After the United States passed the milestone of 300,000 deaths, the World Socialist Web Site noted the efforts to “normalize” death on a massive scale. We wrote at the time:
The normalization of death arises from the decision, rooted in class interests, to treat “economic health” and “human life” as comparable phenomena, with the former prioritized over the latter. Once the legitimacy of the comparison and prioritization is accepted—as it is by the political establishment, the oligarchs and the media—mass death is viewed as unavoidable.
Since then, nearly all remaining measures to facilitate social distancing, or even the wearing of masks, have been dismantled. On May 13, the Centers for Disease Control and Prevention reversed its guidance on mask wearing, urging vaccinated people to stop wearing masks and socially distancing in crowded areas.
The abandonment of mask mandates was opposed by epidemiologists, who warned that the majority of people in the United States remain unvaccinated, while dangerous new variants of COVID-19 are surging around the world.
Throughout the world, the so-called Delta variant of COVID-19—the most transmissible so far—is surging. This variant is now causing 91 percent of cases in the UK, the Johnson government said Thursday. The number of daily new cases in the UK has doubled over the past two weeks, and the Financial Times warned that hospitalizations are growing “exponentially.”
The Delta variant is now also the fastest-growing variant in the US, which has approximately the same percentage of the total population vaccinated as in the UK (42 percent).

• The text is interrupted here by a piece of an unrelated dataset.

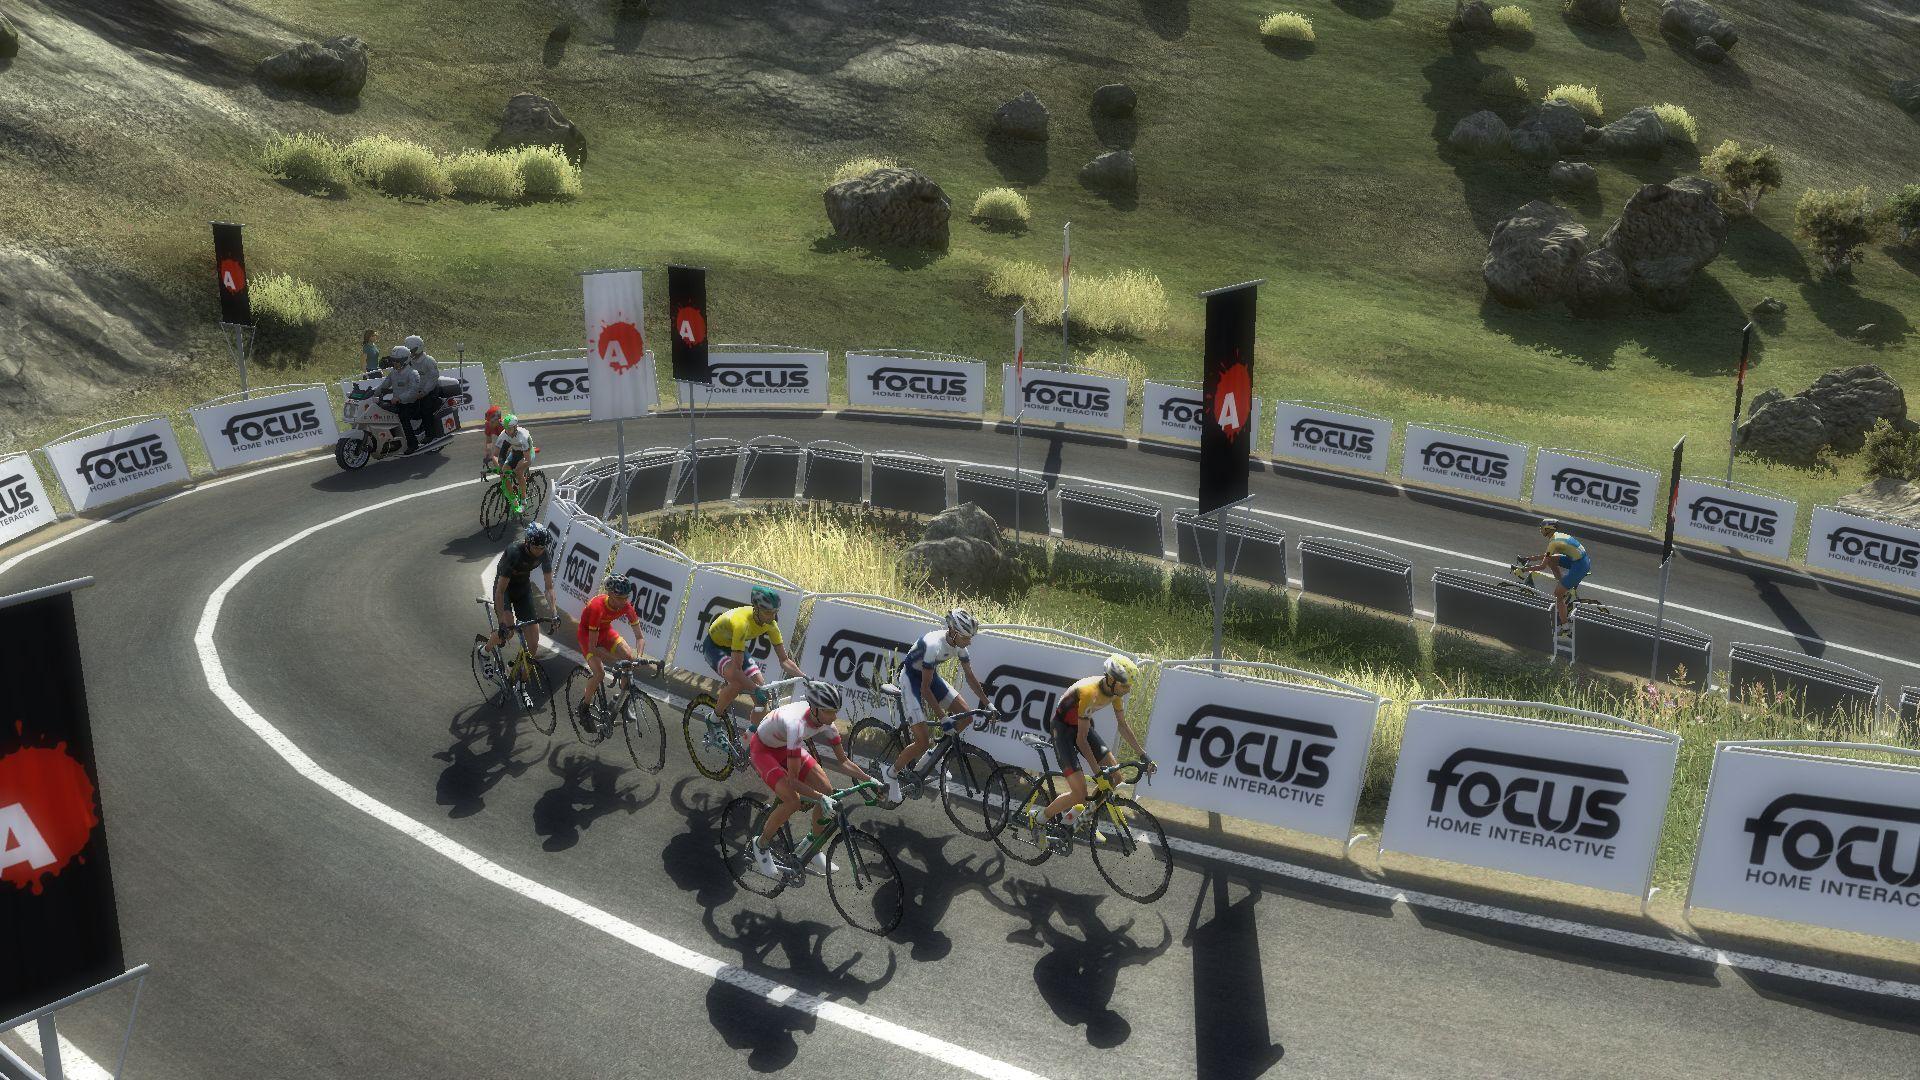 pcmdaily.com/images/mg/2020/Reports/C1/Andorra/TdAS5%2028.jpg

Epidemiologists warn that with the combination of declining vaccination rates, states particularly across the South with large unvaccinated populations and the abandonment of masking and social distancing, the United States could be facing a massive resurgence of COVID-19.
In the face of this looming disaster, states are abandoning efforts to even count the number of people who have become infected. The Wall Street Journal reported Wednesday: “A growing number of states are slowing the pace of their reports on key pandemic data, including cases, deaths and hospitalizations.” The Journal noted that “half of states are no longer providing daily reports. Some have gone from reporting data every day to five days a week. At least three states have lessened that frequency to three times a week, and Florida and Alabama this week shifted to a once-a-week schedule.”

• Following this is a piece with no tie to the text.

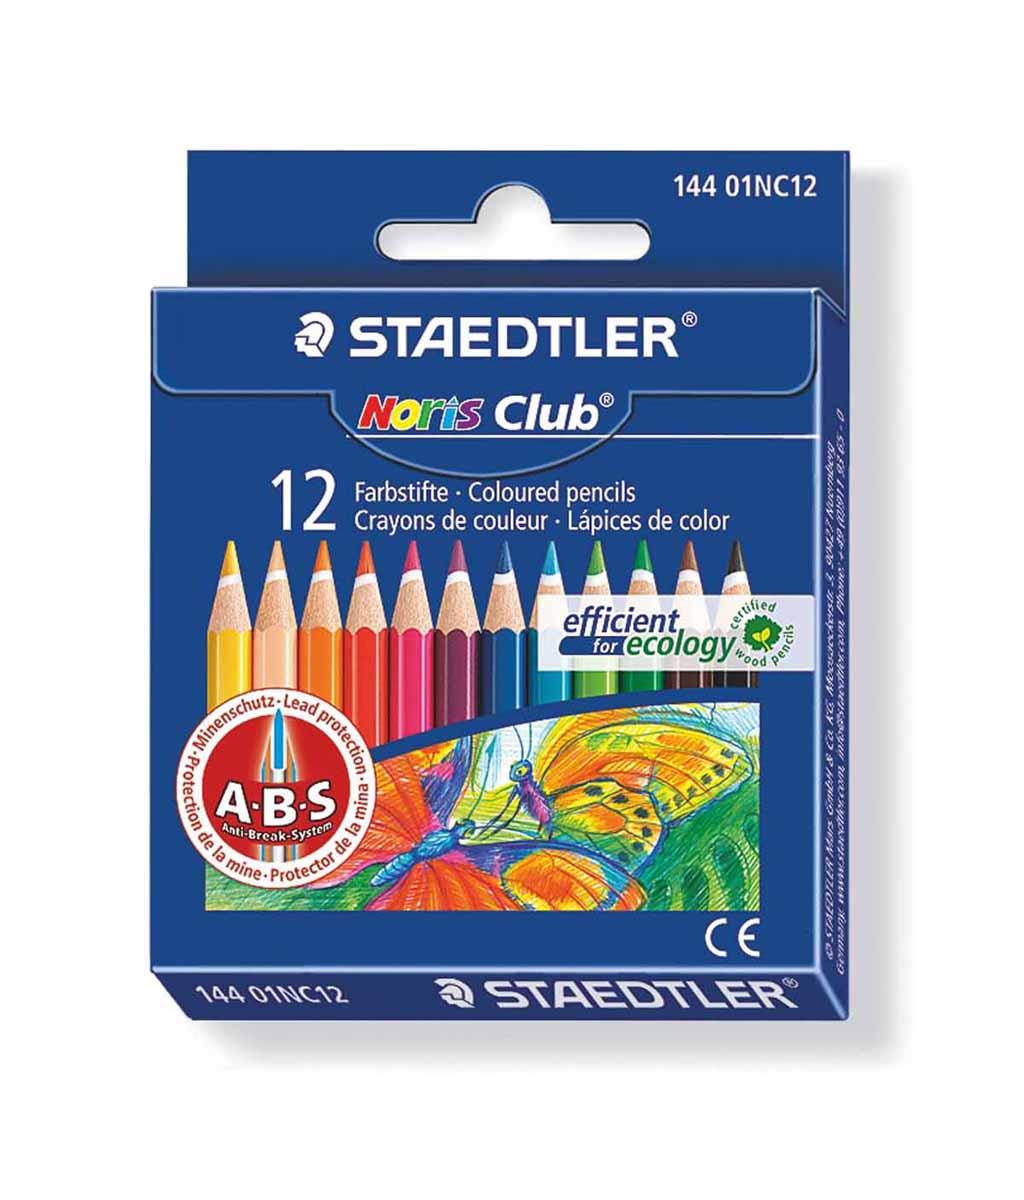 Staedtler Набор цветных карандашей Noris Club 144 12 цветов14401NC1210Цветные карандаши Staedtler Noris Club обладают классической шестиугольной формой. Разработанные специально для детей они имеют мягкий грифель и насыщенные цвета, а белое защитное покрытие грифеля (А·B·S) делает его более устойчивым к повреждению.С цветными карандашами Noris Club ваши дети будут создавать яркие и запоминающиеся рисунки.Длина карандашей - 88 мм.

Epidemiologists condemned the dismantling of mechanisms to even keep track of the disease. “The last thing we need in confronting the rise of the hyper-transmissible Delta variant is to not have a handle on the data,” wrote Eric Topol, director of the Scripps Research Translational Institute. Topol warned, “As vaccinations have tailed off in the US, the number of new cases is no longer declining.”
Epidemiologists are also warning that the Delta variant targets young people even more aggressively than earlier variants, underlining the dangers posed by the drive to reopen schools.
But despite the danger, the Biden administration has only doubled down on its efforts to return to 100 percent in-person instruction in schools, driven by the demand of the ruling class for the continued availability of cheap labor by warehousing children in schools.
Workers must reject the ruling class’s campaign to abandon measures to contain the pandemic, the aim of which is the “normalization” of mass death to facilitate the enrichment of the financial oligarchy. As the United States is threatened with a new resurgence of the global pandemic, it is all the more urgent for workers to oppose the abandonment of social distancing and mask wearing and the ongoing dismantling of the health care infrastructure for tracking and isolating COVID-19 cases.
The effort to “normalize” mass death reflects the fundamental social dynamics of capitalism and the subordination of human life to the enrichment of the financial oligarchy. It is this social order that bears responsibility for the massive toll of the pandemic, which is in the final analysis the grisly expression of the incompatibility of the needs of society with capitalism.